◆ **Instructions for the task**:
Reproduce the data exactly and drop any pictures it holds.

◆ **Data extract**:
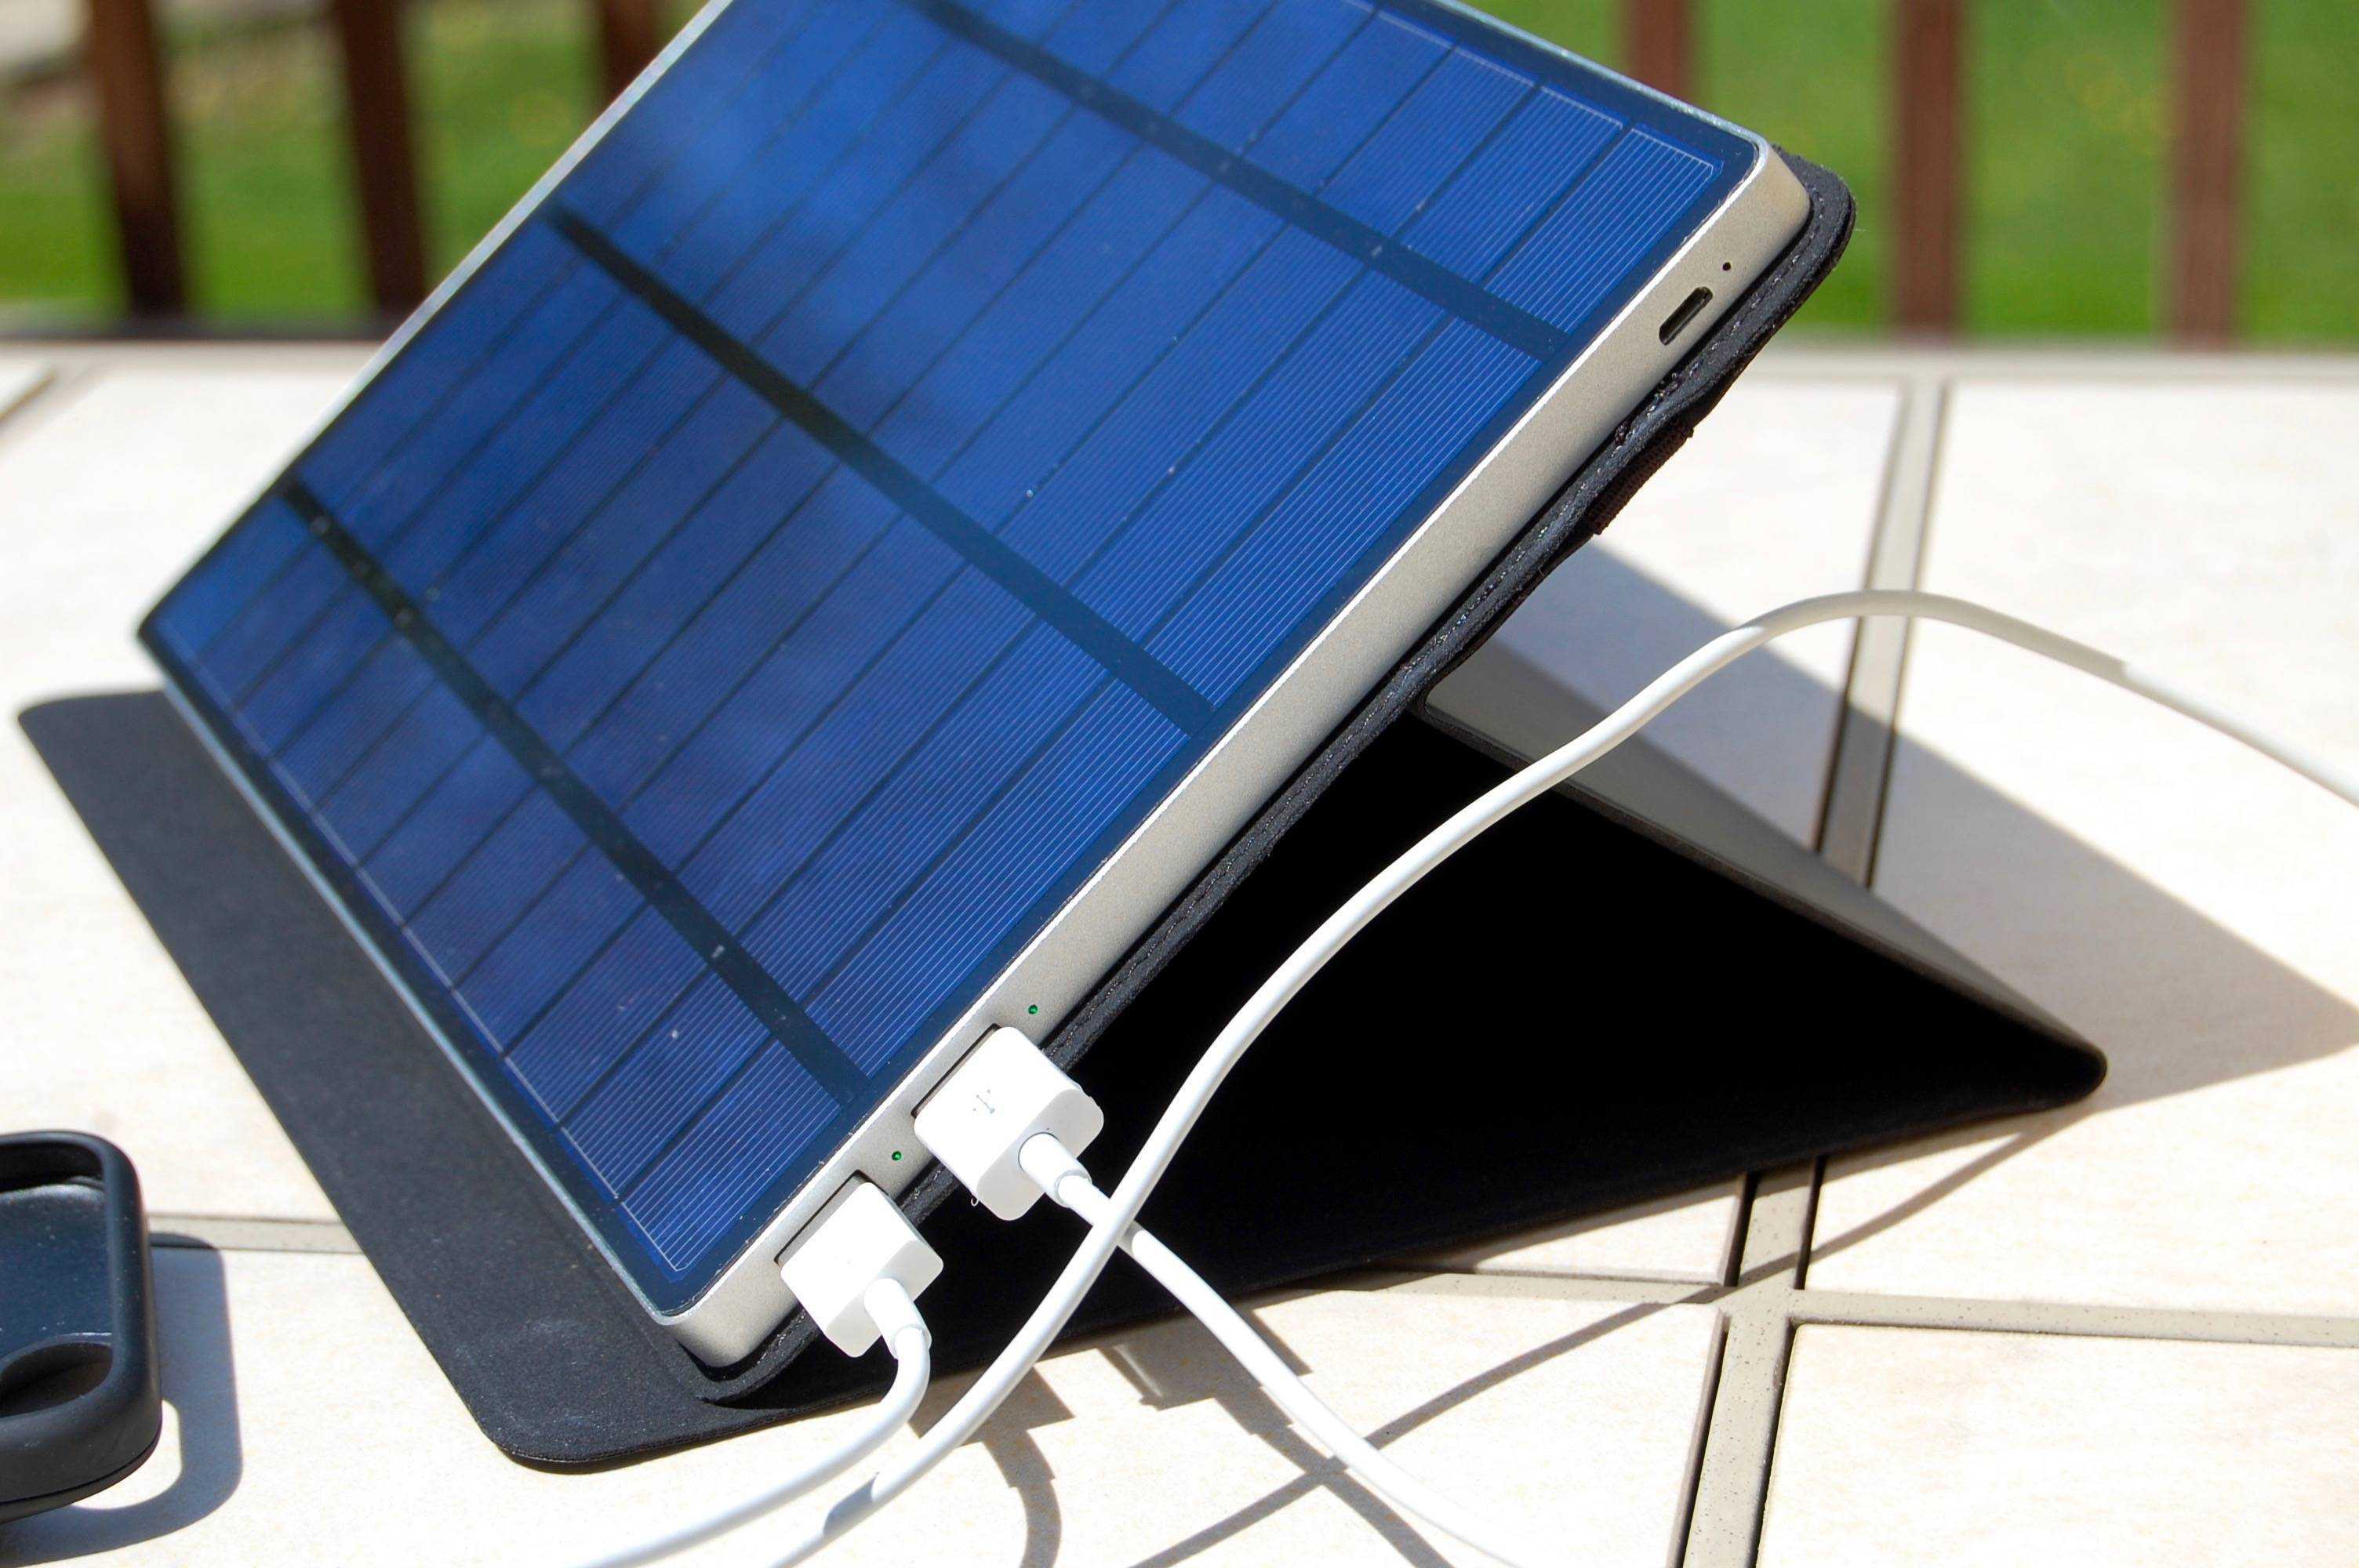 Комплект солнечной батареи с аккумулятором
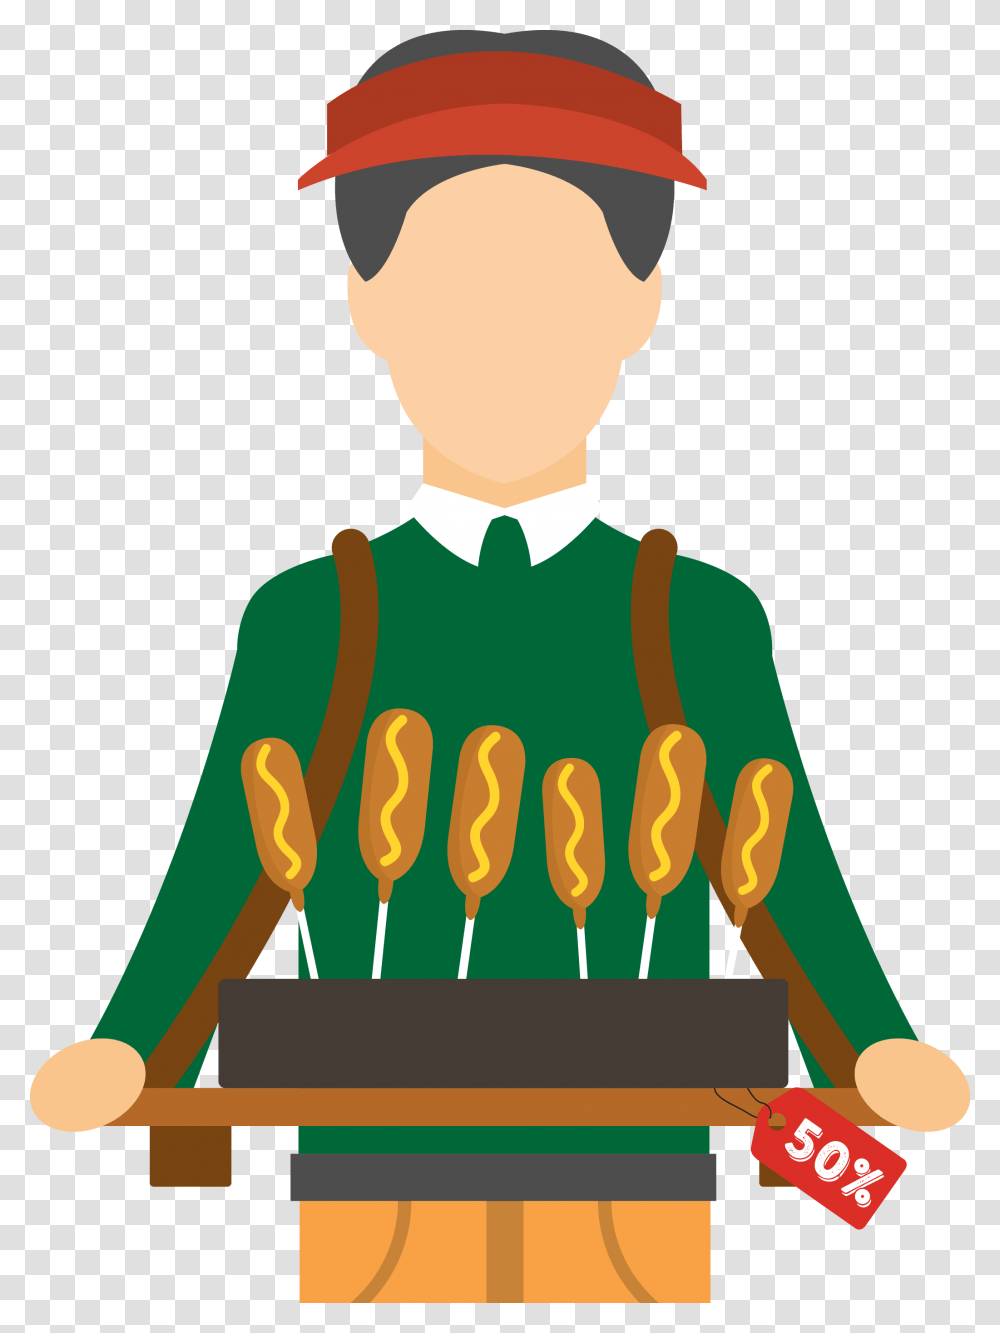 Hot Dog Cartoon Hot Dog, Food, Person, Human, Bbq Transparent Png
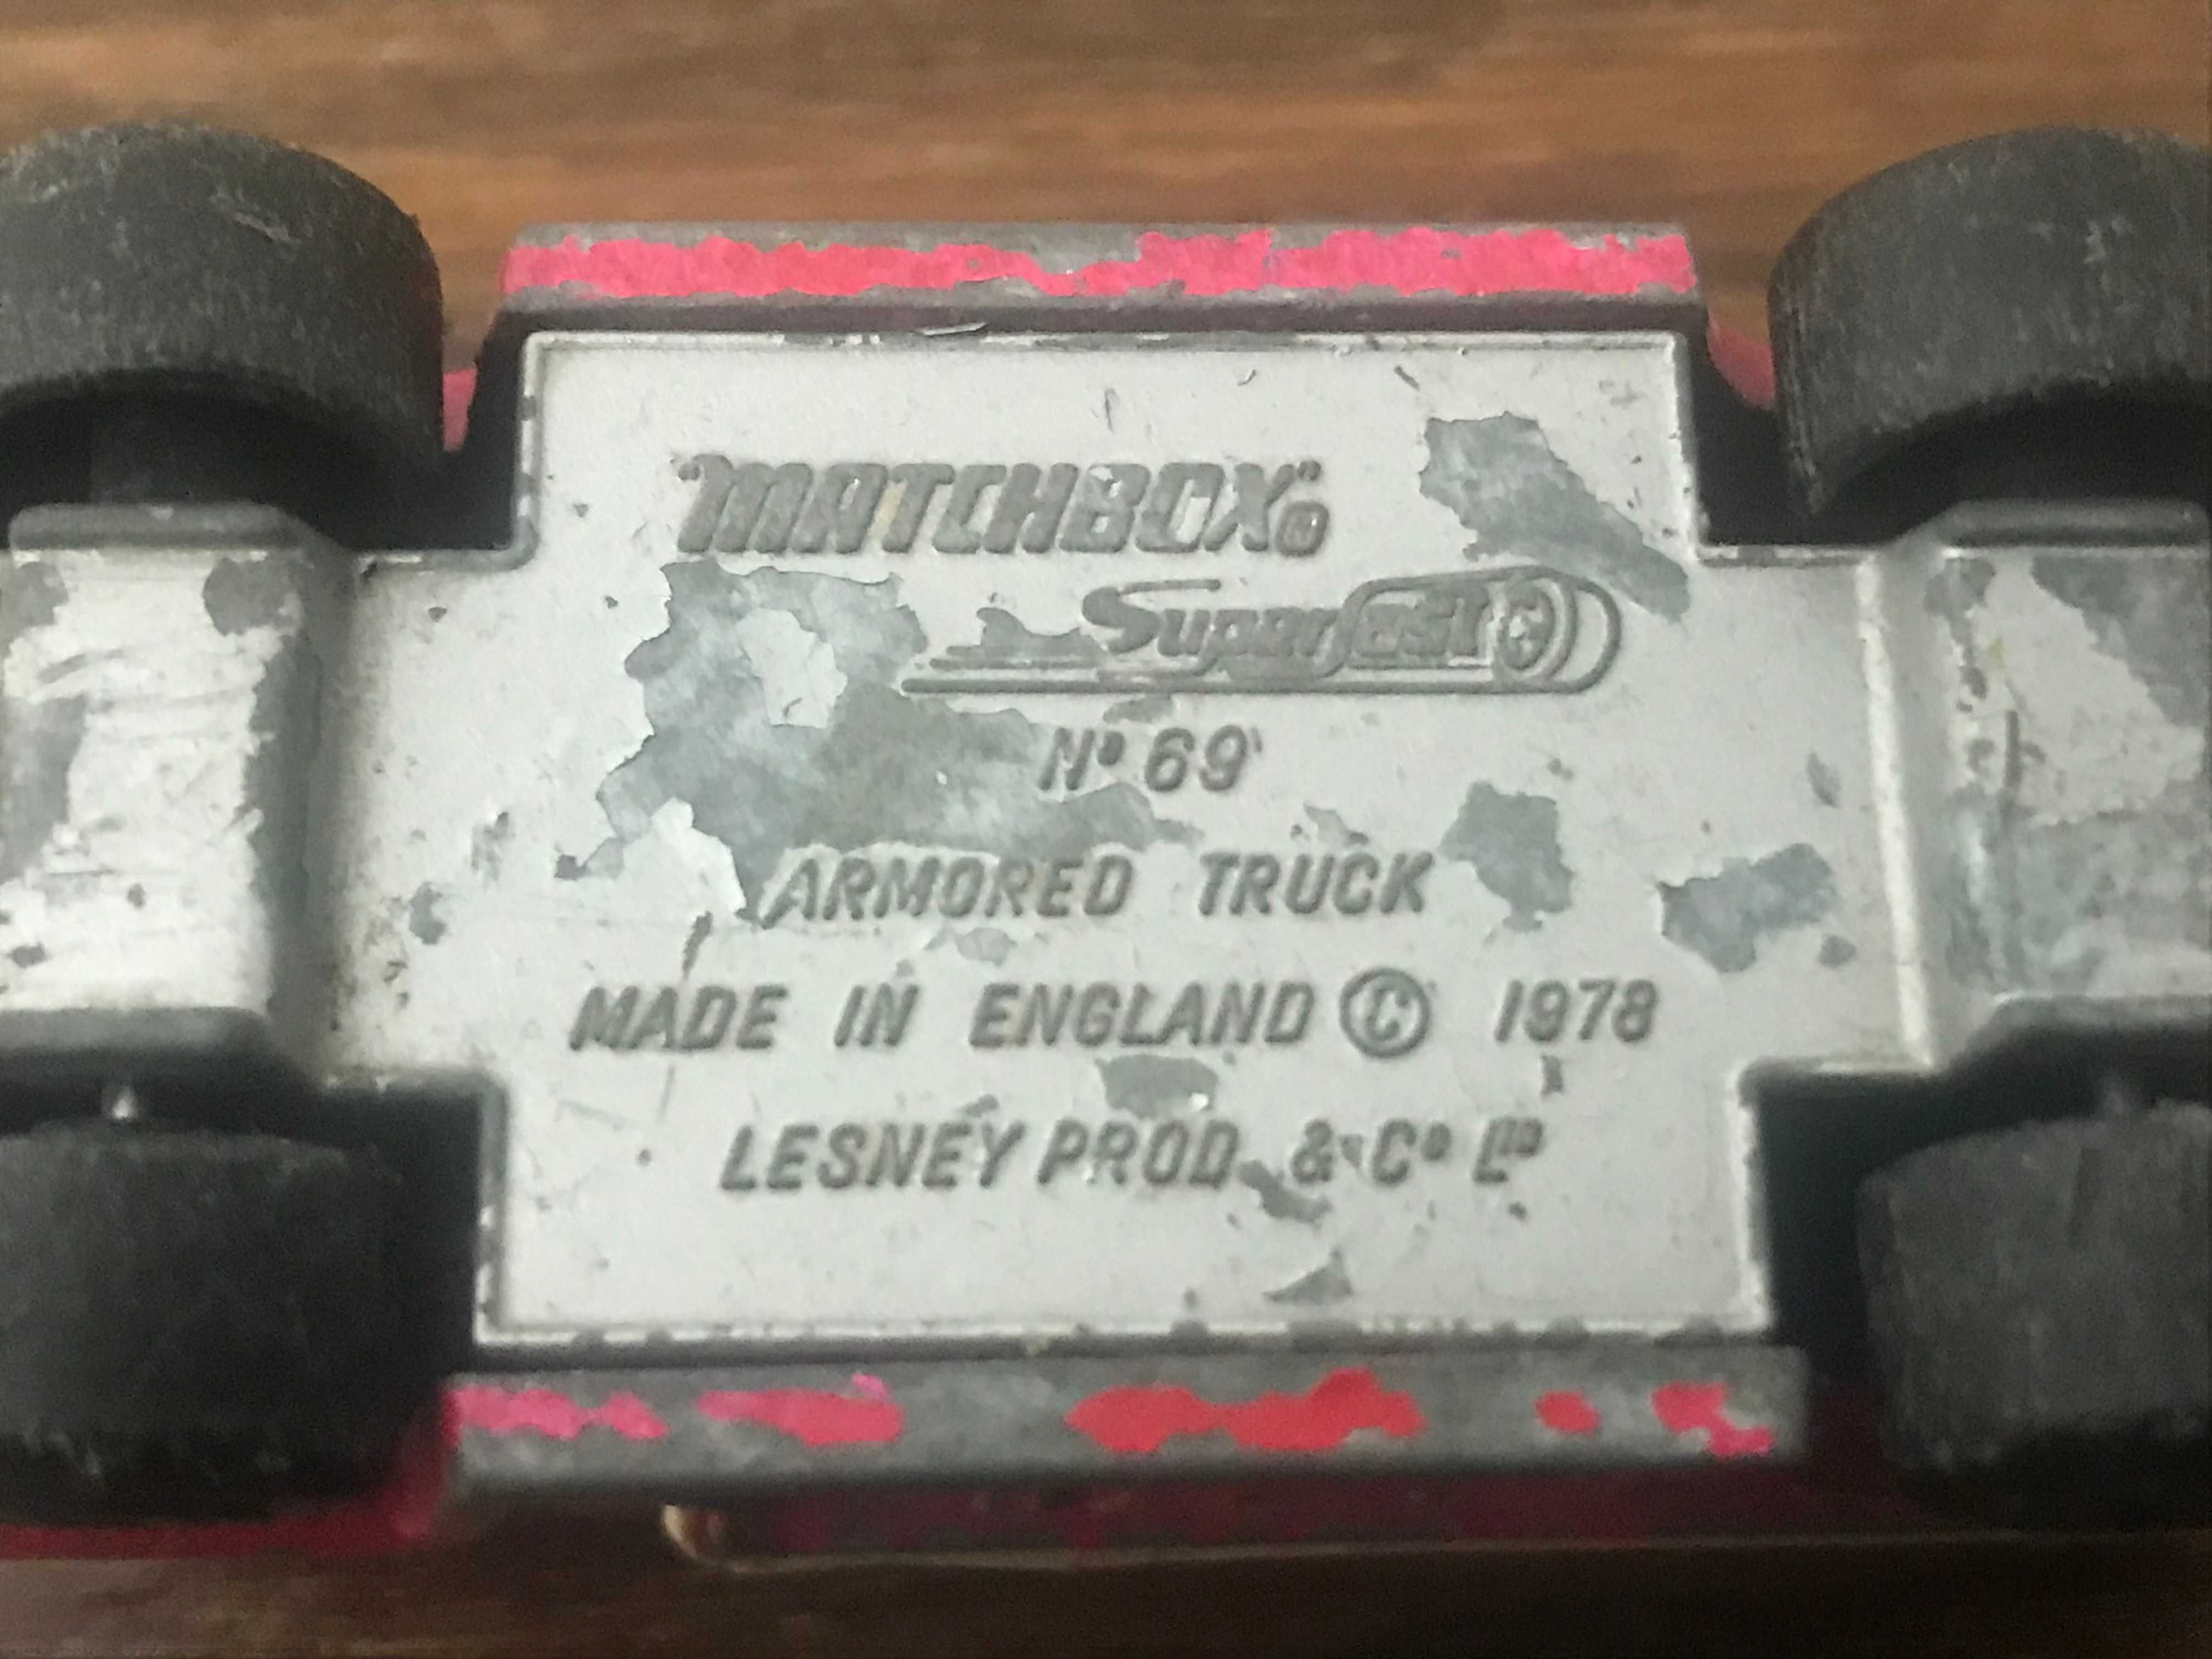 Matchbox Superfast No.69 Armored Truck resorak vintage prl

◆ **Reply**:
 Комплект солнечной батареи с аккумулятором
 Hot Dog Cartoon Hot Dog, Food, Person, Human, Bbq Transparent Png
 Matchbox Superfast No.69 Armored Truck resorak vintage prl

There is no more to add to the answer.